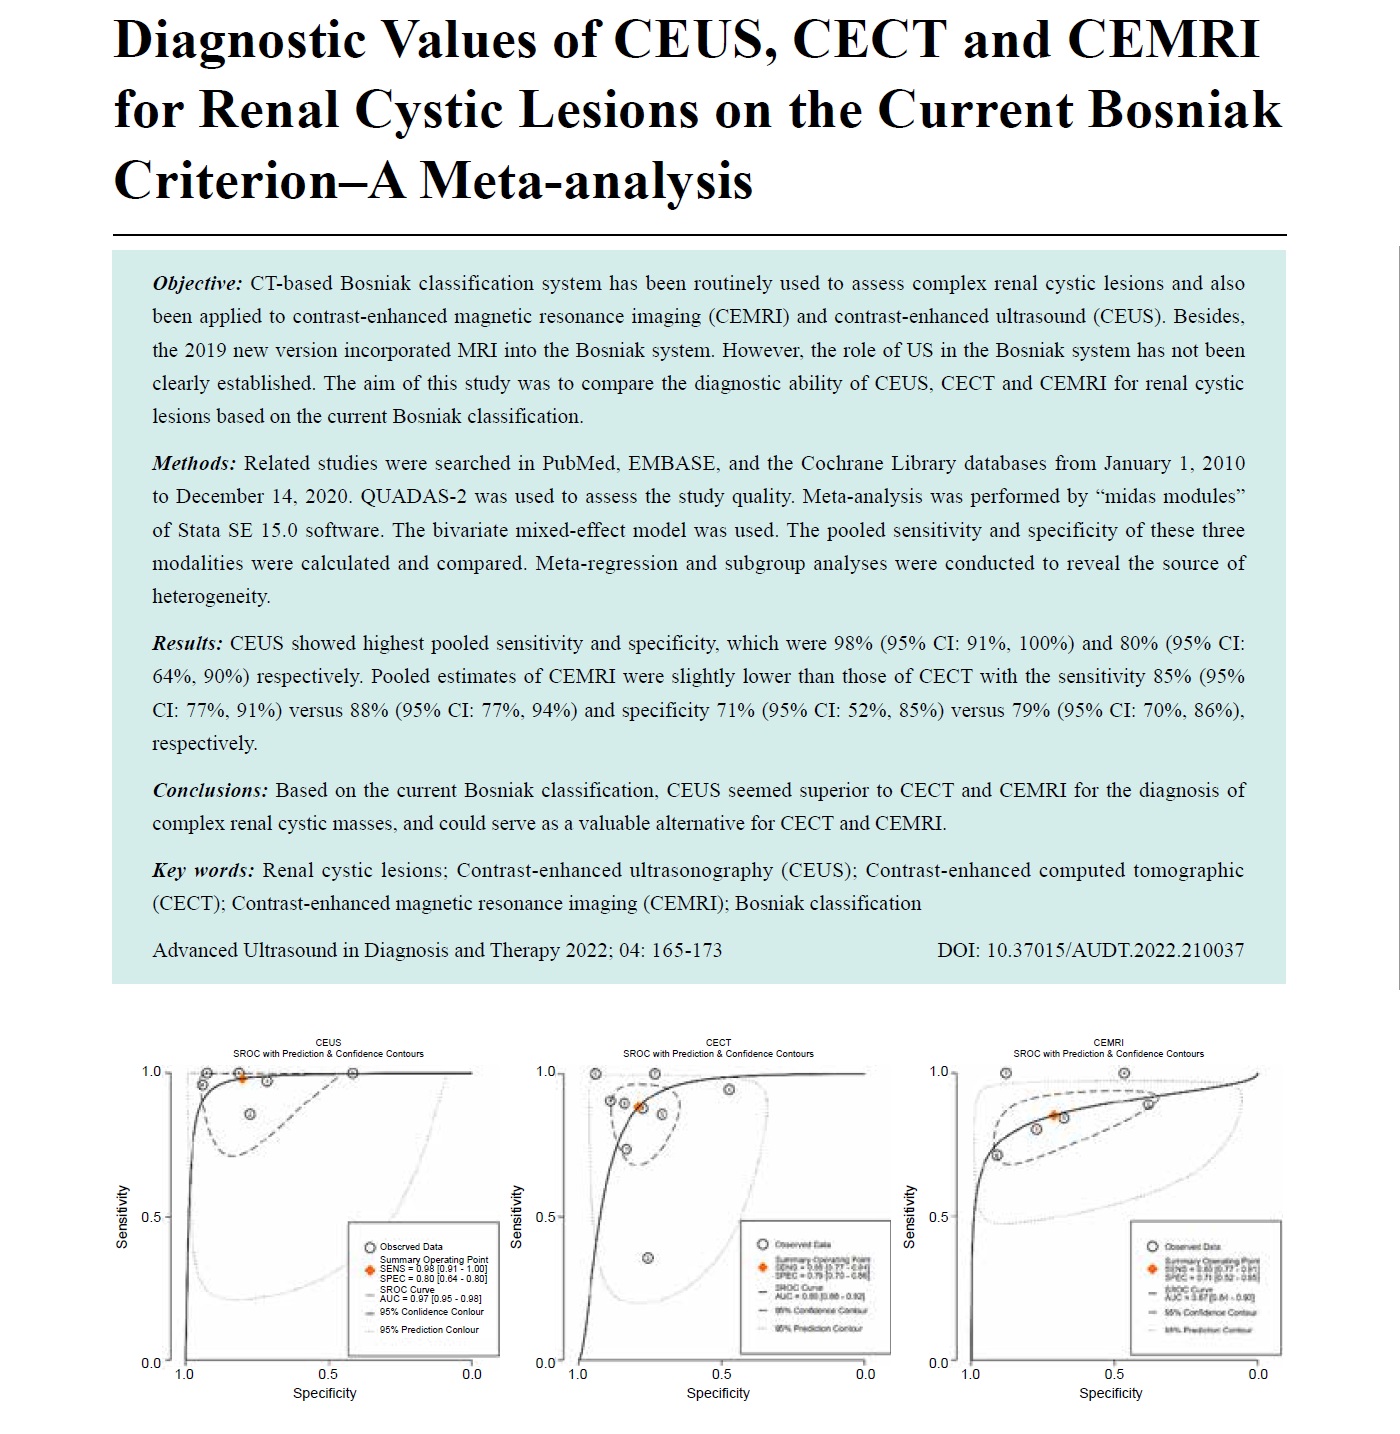 Diagnostic Values of CEUS, CECT and CEMRI for Renal Cystic Lesions on the Current Bosniak Criterion-A Meta-analysis
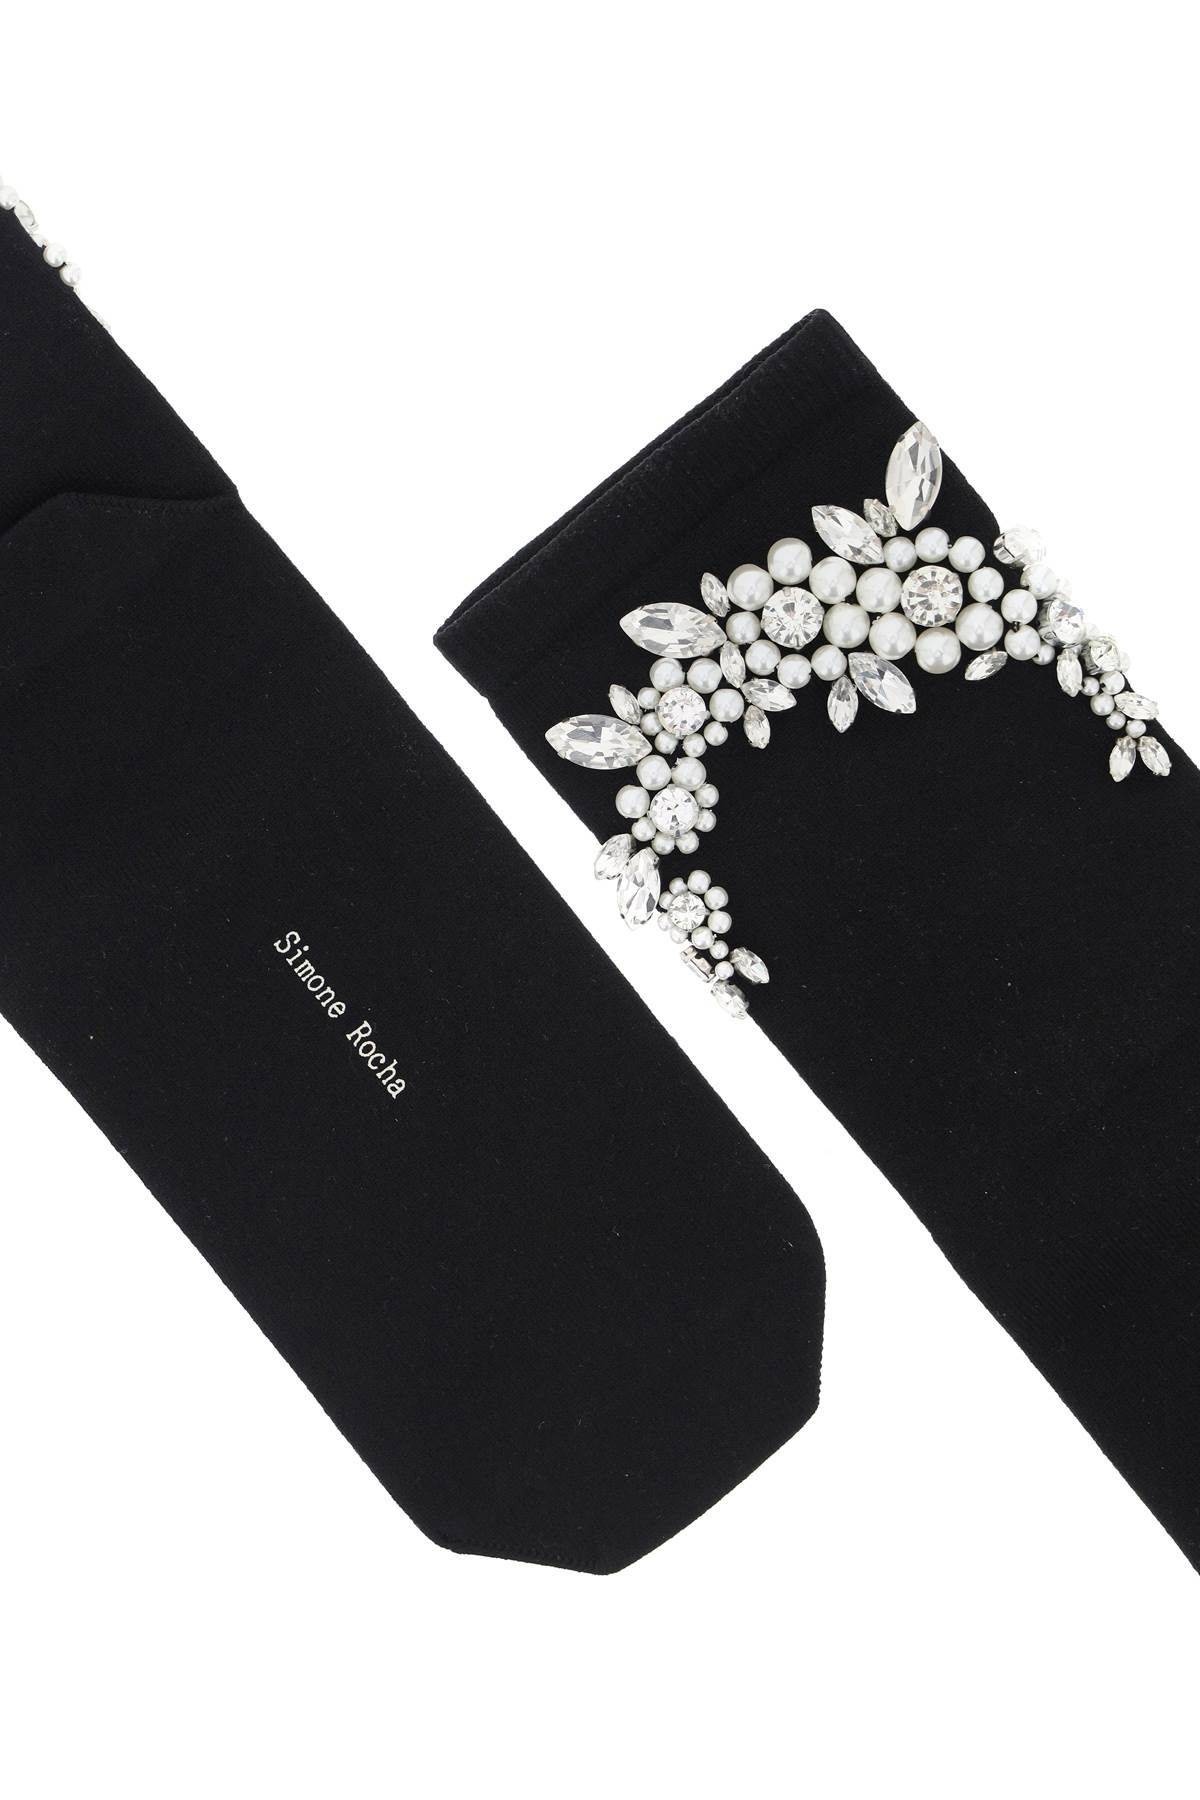 SOCKS WITH PEARLS AND CRYSTALS - 3
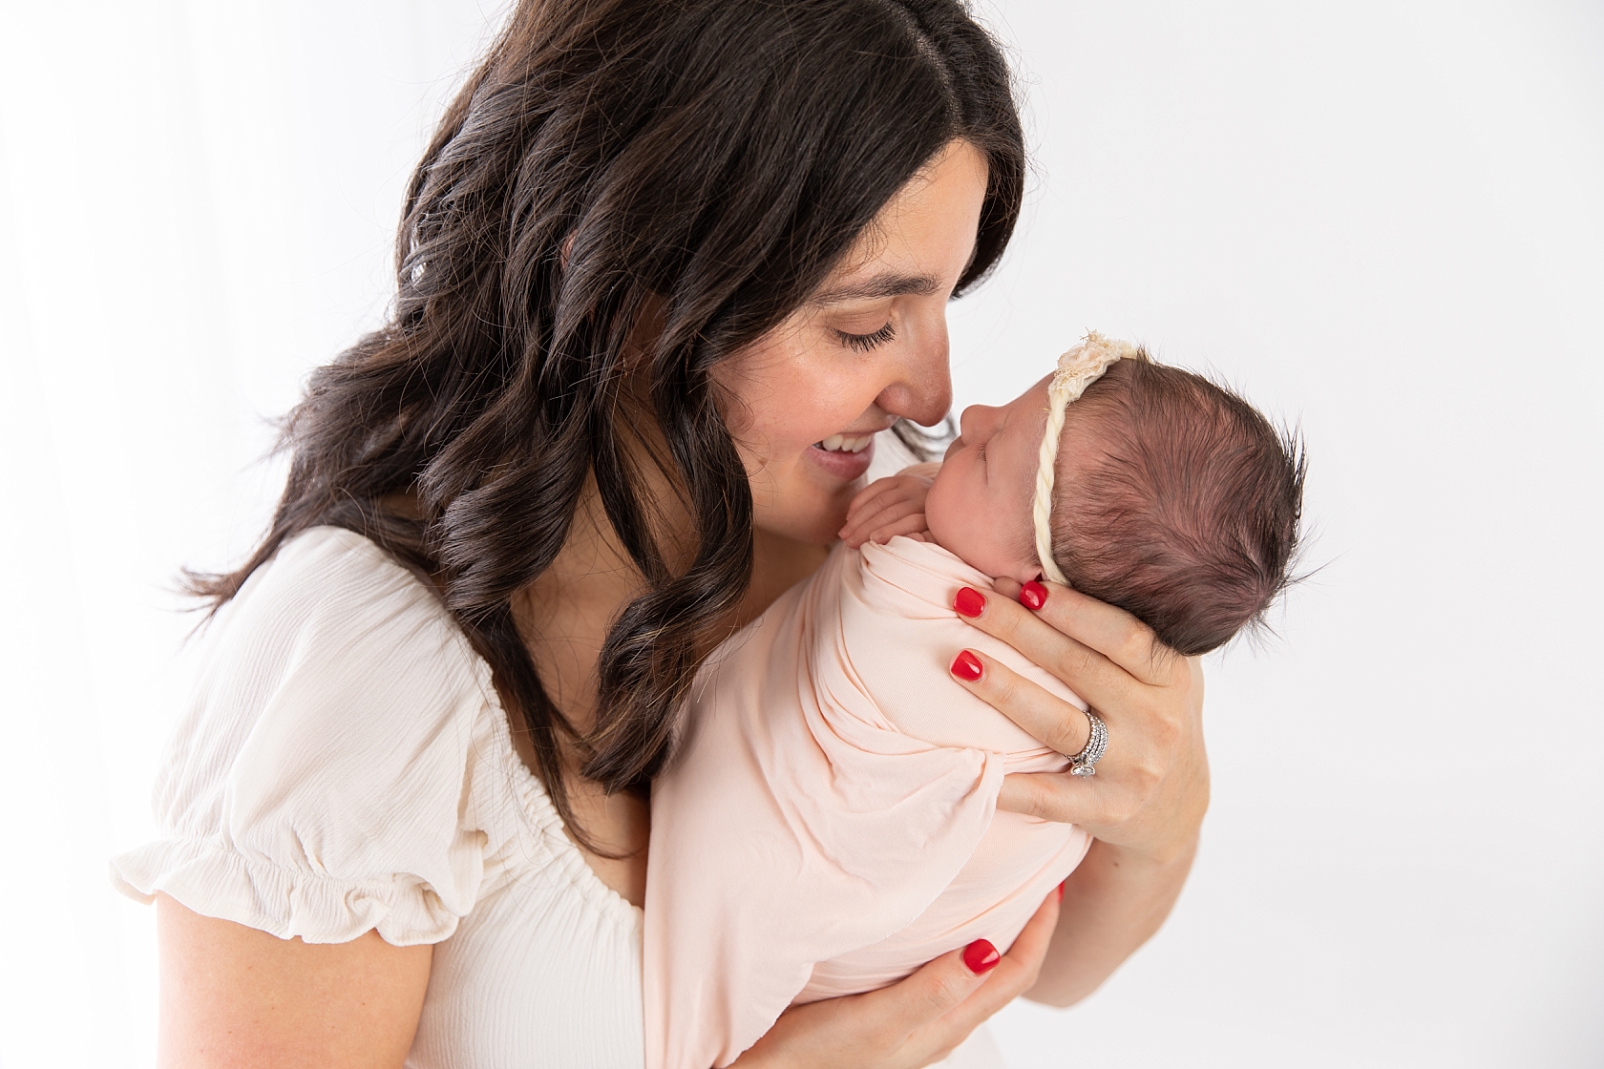 Mom smiling closely at baby girl for newborn photos with Baltimore Newborn Photographer

**TASK DESCRIPTION**
Only the lines from the one containing "SOCKS WITH PEARLS AND CRYSTALS - 3" through the last line of the data may appear in the answer, each given again exactly and with pictures left out.

**ANSWER SPACE**
 SOCKS WITH PEARLS AND CRYSTALS - 3
 Mom smiling closely at baby girl for newborn photos with Baltimore Newborn Photographer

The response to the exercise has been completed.